EBITDA is also a financial metric used by management (i) as a supplemental internal measure for planning and forecasting overall expectations and for evaluating actual results against such expectations; (ii) as a significant criteria for annual incentive cash bonuses paid to the Company's executive officers and other shore-based employees; (iii) to compare to the EBITDA of other companies when evaluating potential acquisitions; and (iv) to assess the Company's ability to service existing fixed charges and incur additional indebtedness.

In addition, the Company also makes certain adjustments, as applicable, to EBITDA for losses on early extinguishment of debt, stock-based compensation expense and interest income, or Adjusted EBITDA, to compute ratios used in certain financial covenants of its credit agreements with various lenders and bond investors.

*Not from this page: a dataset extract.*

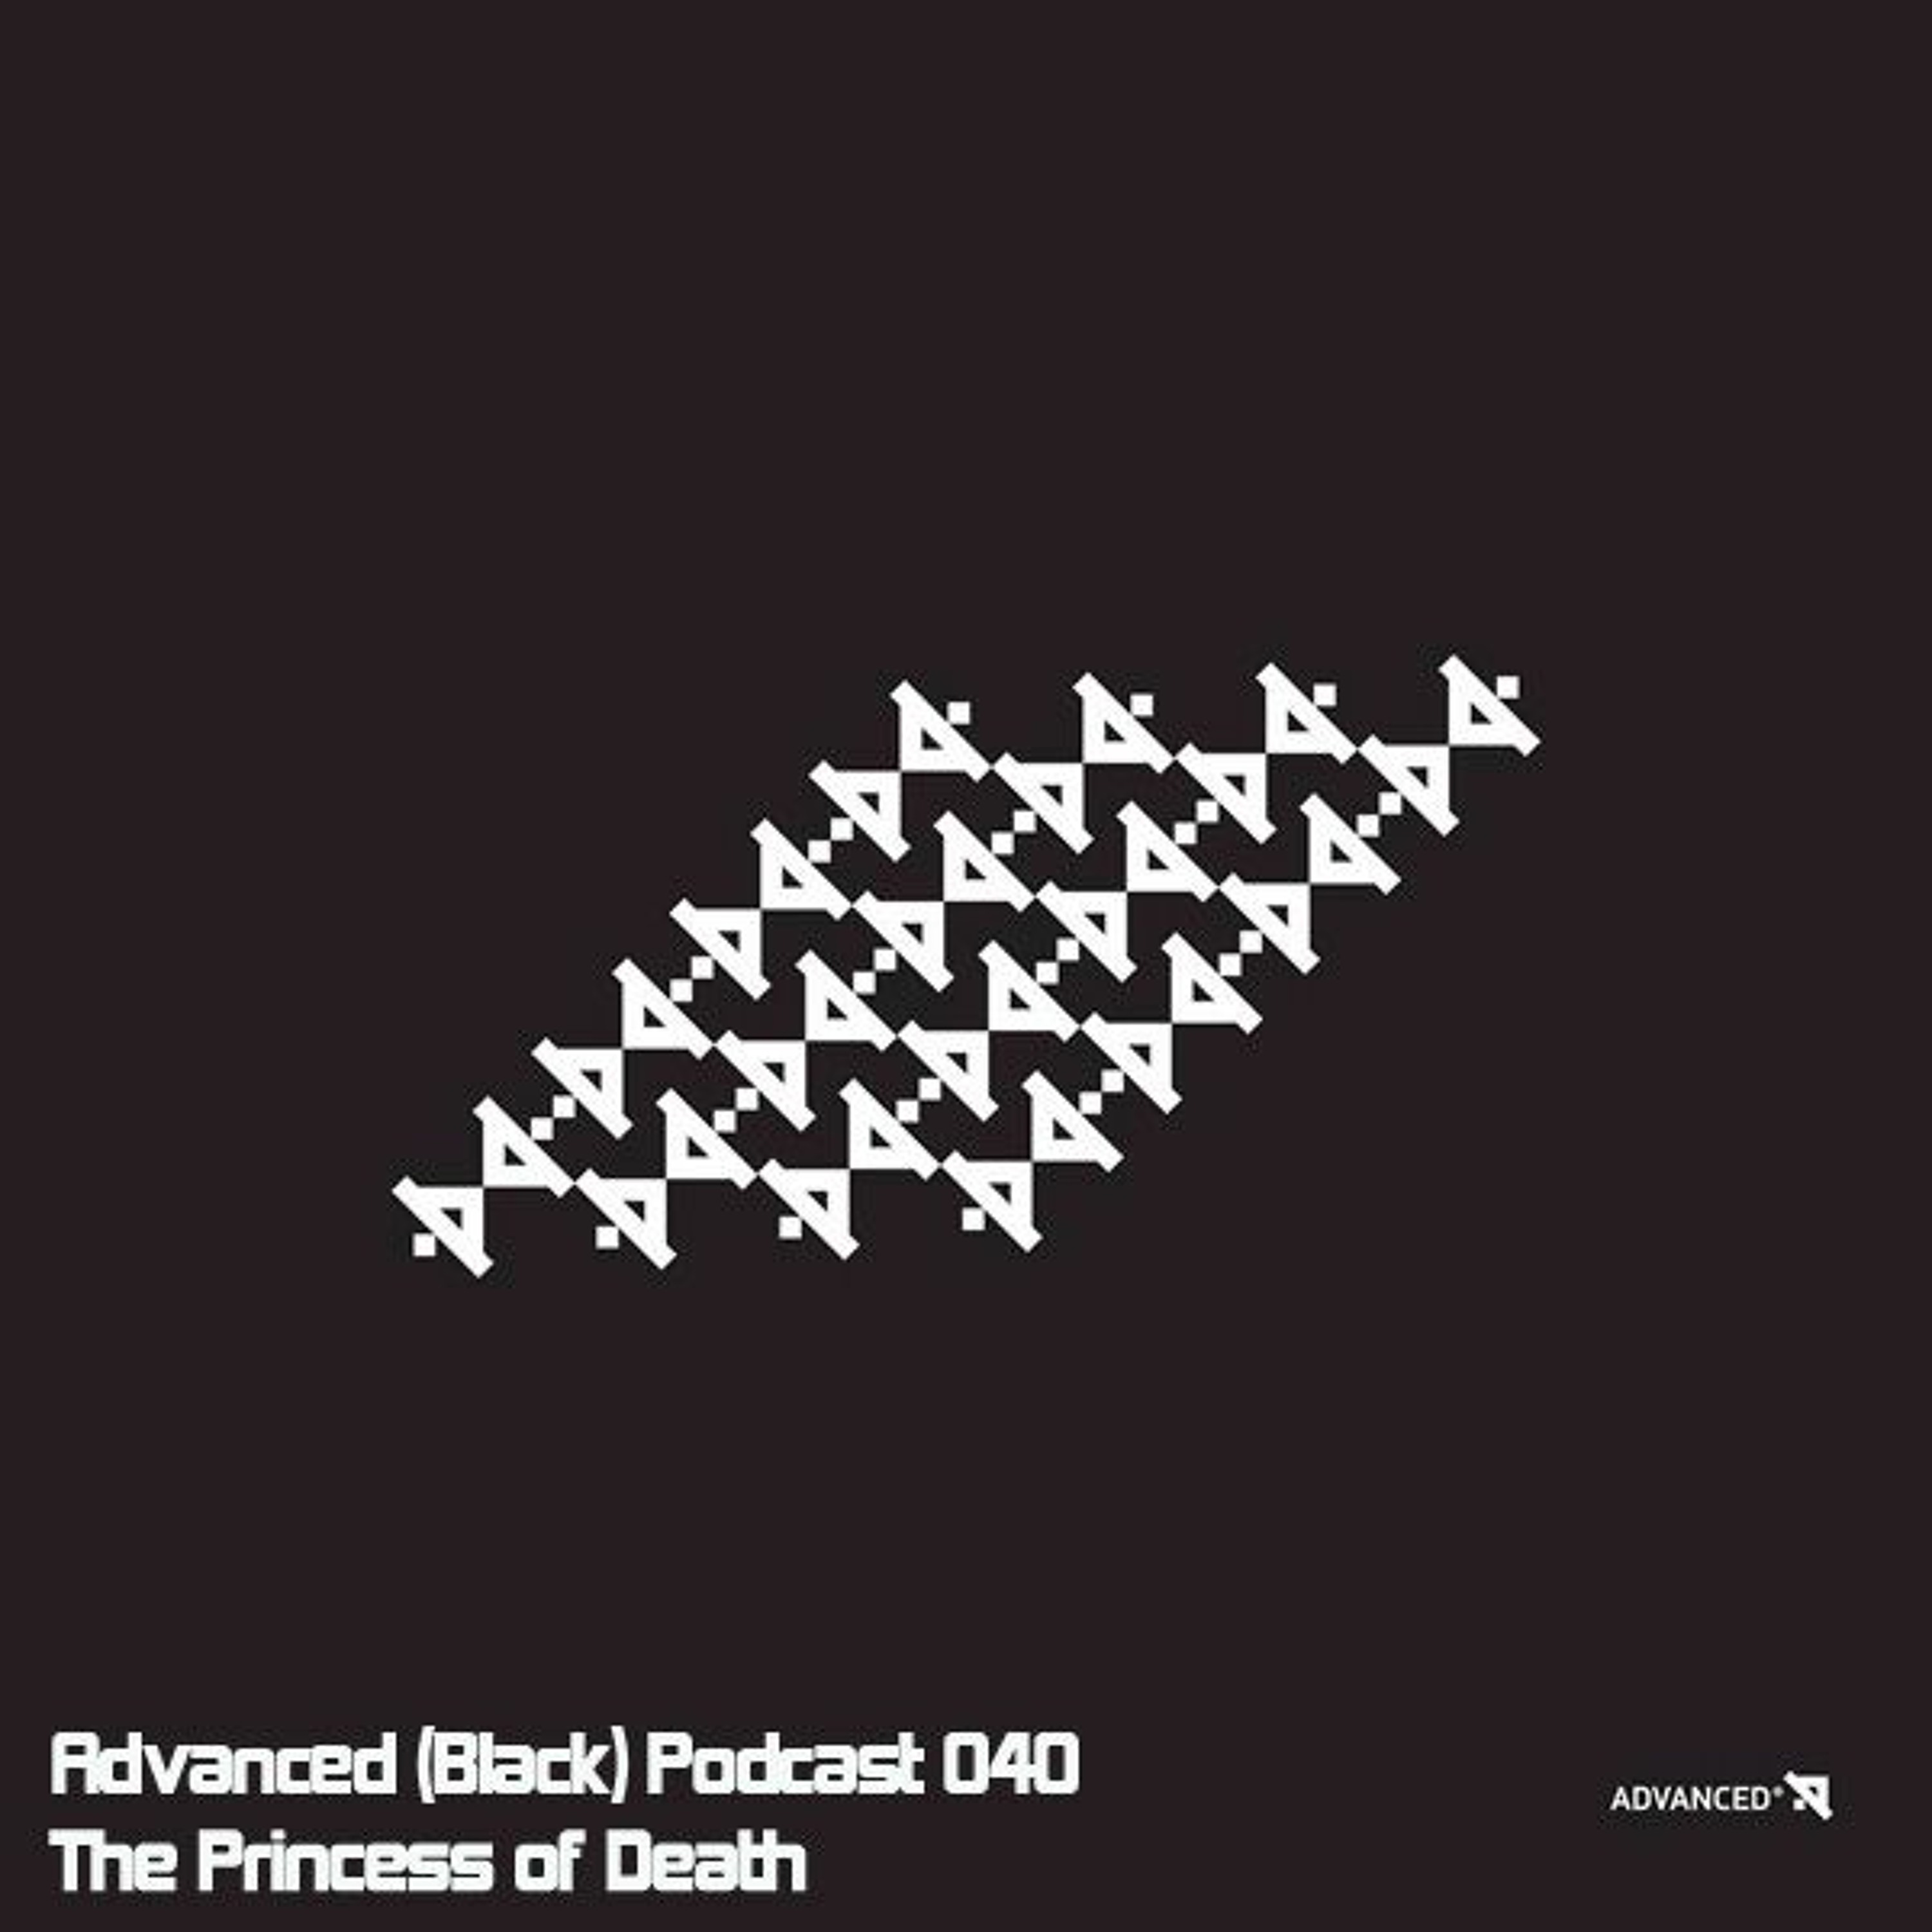 Advanced (Black) Podcast 040 with The Princess of Death

The Company believes that these ratios are material components of such financial covenants and failure to comply with such covenants could result in the acceleration of indebtedness or the imposition of restrictions on the Company's financial flexibility. 

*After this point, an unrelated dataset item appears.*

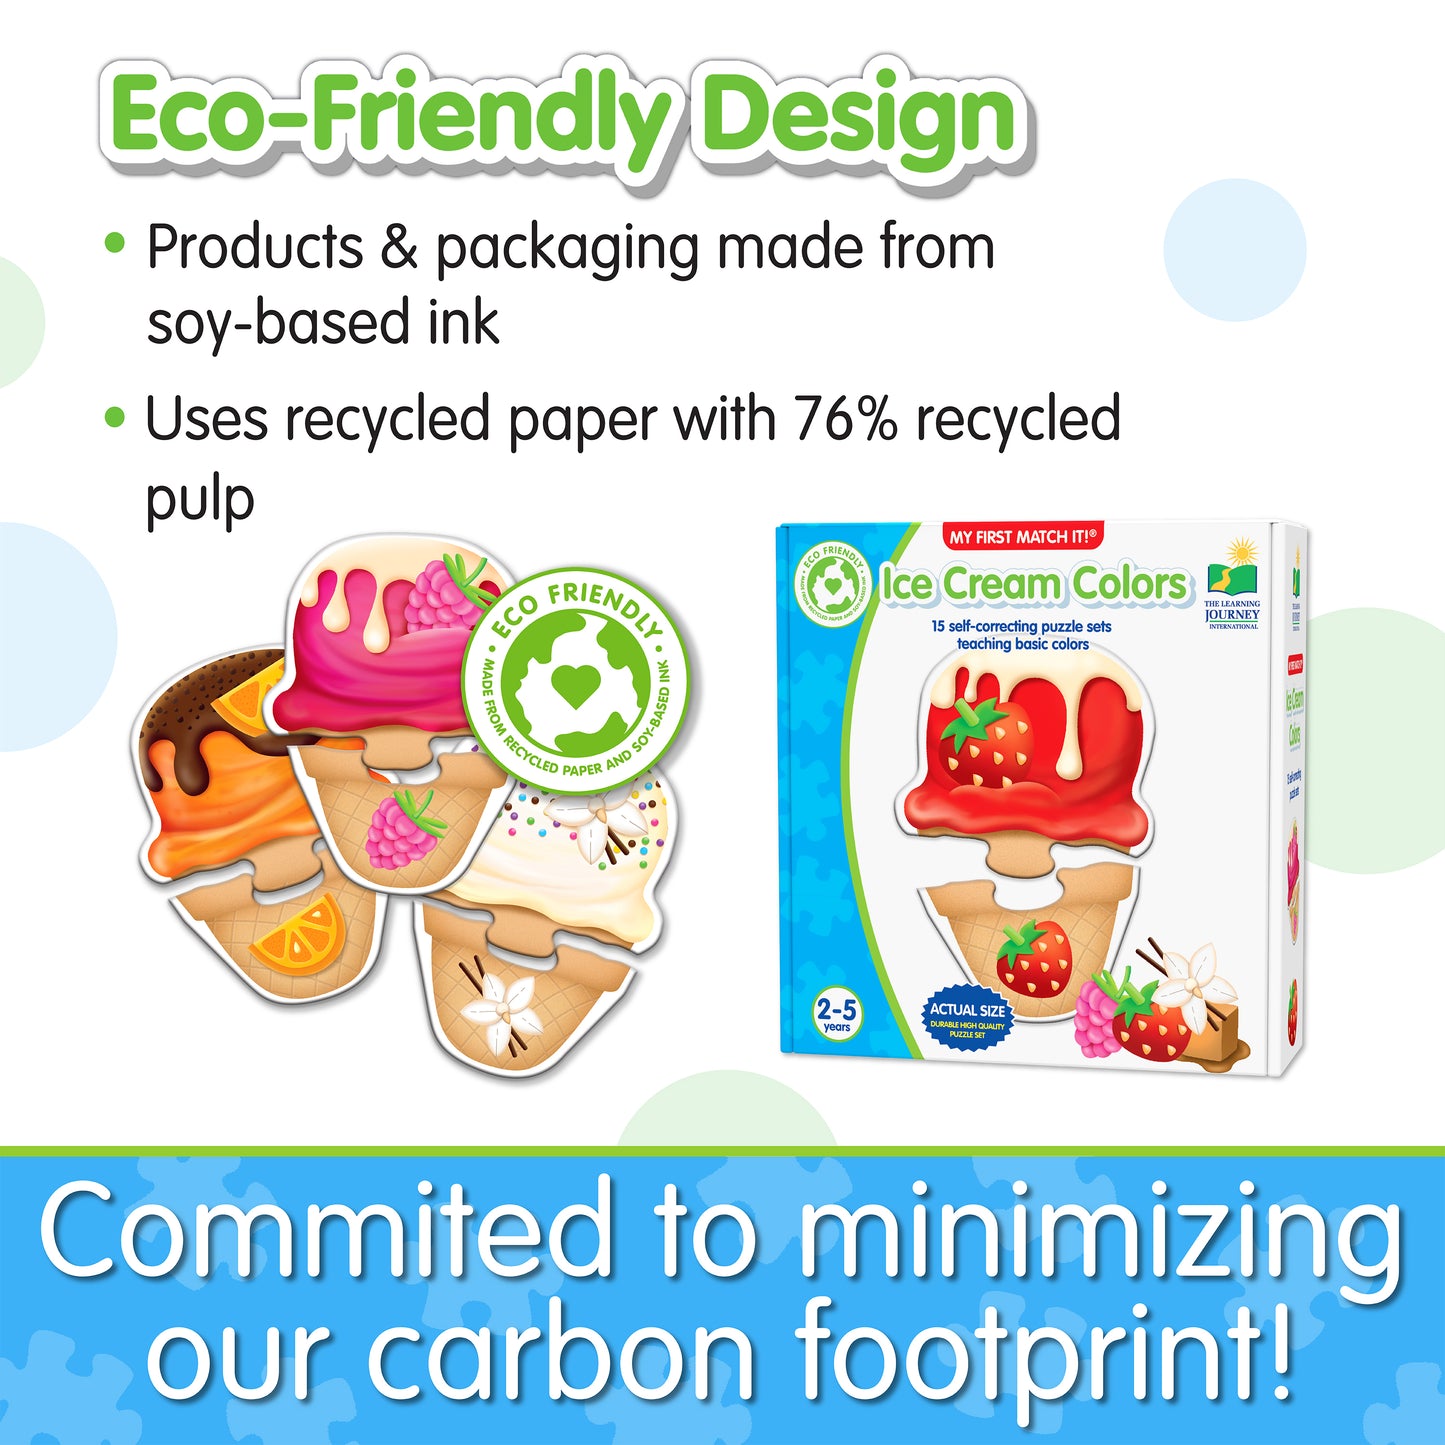 Infographic about My First Match It - Ice Cream Colors' eco-friendly design that says, "Committed to minimizing our carbon footprint!"

Set forth below are the material limitations associated with using EBITDA as a non-GAAP financial measure compared to cash flows provided by operating activities.

  • EBITDA does not reflect the future capital expenditure requirements that may be necessary to replace the Company's existing vessels as a result of normal wear and tear,
  • EBITDA does not reflect the interest, future principal payments and other financing-related charges necessary to service the debt that the Company has incurred in acquiring and constructing its vessels,
  • EBITDA does not reflect the deferred income taxes that the Company will eventually have to pay once it is no longer in an overall tax net operating loss position, as applicable, and
  • EBITDA does not reflect changes in the Company's net working capital position.

Management compensates for the above-described limitations in using EBITDA as a non-GAAP financial measure by only using EBITDA to supplement the Company's GAAP results.

8   

Commercial-related Downtime results from commercial-related vessel improvements, such as the addition of cranes, ROVs, helidecks, living quarters and other specialized vessel equipment; the modification of vessel capacities or capabilities, such as DP upgrades and mid-body extensions, which costs are typically included in and offset, in whole or in part, by higher dayrates charged to customers; and the speculative relocation of vessels from one geographic market to another.

9   

The capital expenditure amounts included in this table are cash outlays before the allocation of construction period interest, as applicable.

10 

As of July 30, 2014, the Company's active fleet of 31 new generation OSVs that were committed to "term" contracts (time charters of one year or longer in duration at inception) was comprised of the following fleet mix: eight 200 class OSVs, nineteen 240 class OSVs and four 300 class OSVs.

11 

As of July 30, 2014, the Company's active fleet of 27 new generation OSVs that were available for "spot" contracts (time charters of less than one year in duration at inception) or additional "term" contracts was comprised of the following fleet mix: five 200 class OSVs, twelve 240 class OSVs, four 265 class OSVs and six 300 class OSVs. 

12 

The "low" and "high" ends of the guidance ranges set forth in this table are not intended to cover unexpected variations from currently anticipated market conditions.  These ranges provide only a reasonable deviation from the conditions that are expected to occur.

13 

Represents incremental imputed non-cash OID interest expense required by accounting standards pertaining to the Company's 1.500% convertible senior notes due 2019.    

14 

Projected weighted-average diluted shares do not reflect any potential dilution resulting from the Company's 1.500% convertible senior notes.  Warrants related to the Company's 1.500% convertible senior notes become dilutive when the average price of the Company's stock exceeds the effective conversion price for such notes of $68.53.

 

SOURCE Hornbeck Offshore Services, Inc.